Move through (sometimes squeeze through!) siltstone and clay slot canyons reaching caverns that are dead-ends. To get a bigger lay of the land here, hike the Juniper Draw Loop, including an out-and-back detour to Miller Point, a gorgeous vista punctuated by a charming gazebo. This will give you a nice view of eastern Nevada’s rugged sagebrush country. All in it’s 3.5-miles round-trip (inclusive of Miller Point).

TIP: There are 24 first come, first served campsites at Cathedral Gorge State Park.

BONUS BEER: After leaving Cathedral Gorge State Park, stop and visit the living ghost town of Pioche, a few miles north down the road.

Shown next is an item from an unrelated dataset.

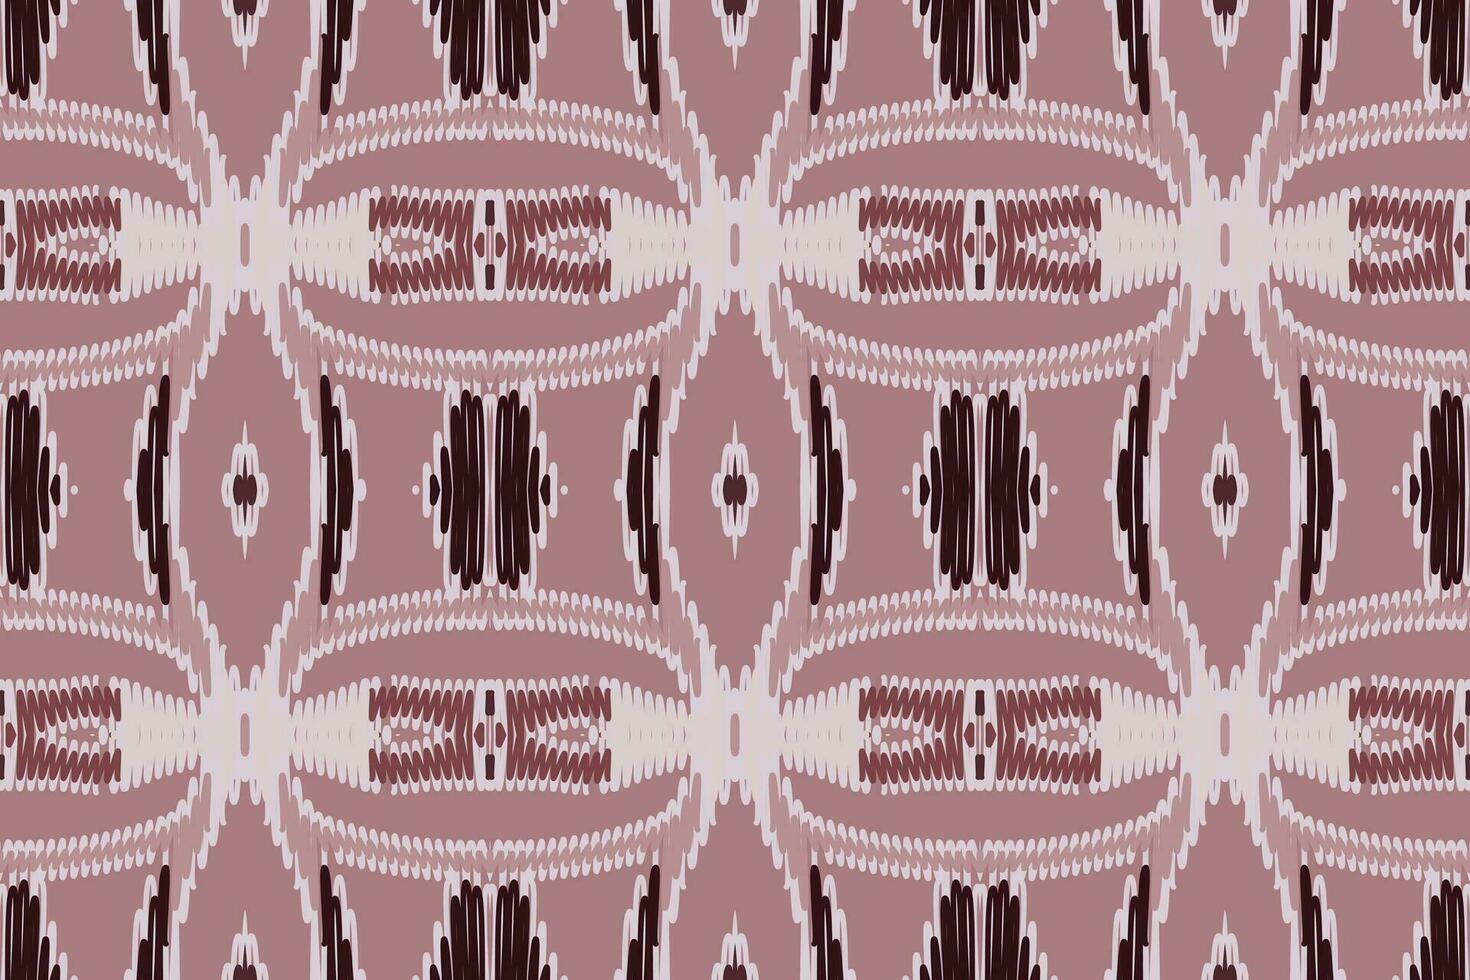 stropdas kleurstof patroon naadloos mughal architectuur motief borduurwerk, ikat borduurwerk vector ontwerp voor afdrukken jacquard Slavisch patroon folklore patroon kente arabesk

Grab a beer and a pizza at the Overland Saloon. The pizza’s not fancy, but the local Nevada beer washes it all down nicely. In the mid-1800s Pioche was pure bad-ass, a mining boomtown with a reputation for big-time trouble! Today’s Pioche still has plenty of character and sites of interest from its fabled past.

Cathedral Gorge State Park is 2 and a half hours north of Las Vegas on Highway 93. It’s part of our Nevada Road Trip from Las Vegas to Great Basin National Park. Cathedral Gorge has a regional visitor center (closed in winter). Stop in for info and a park map. The slot canyons are short and easy to do, and offer a cooling cover on hot days. The Juniper Draw Loop with the Miller Point detour is well marked and not very strenuous, but in summer it’s always best to have plenty of sun protection and water. Dog-friendly, but bring plenty of water for Fido and be sure not to leave him in the car, even in more moderate temperatures.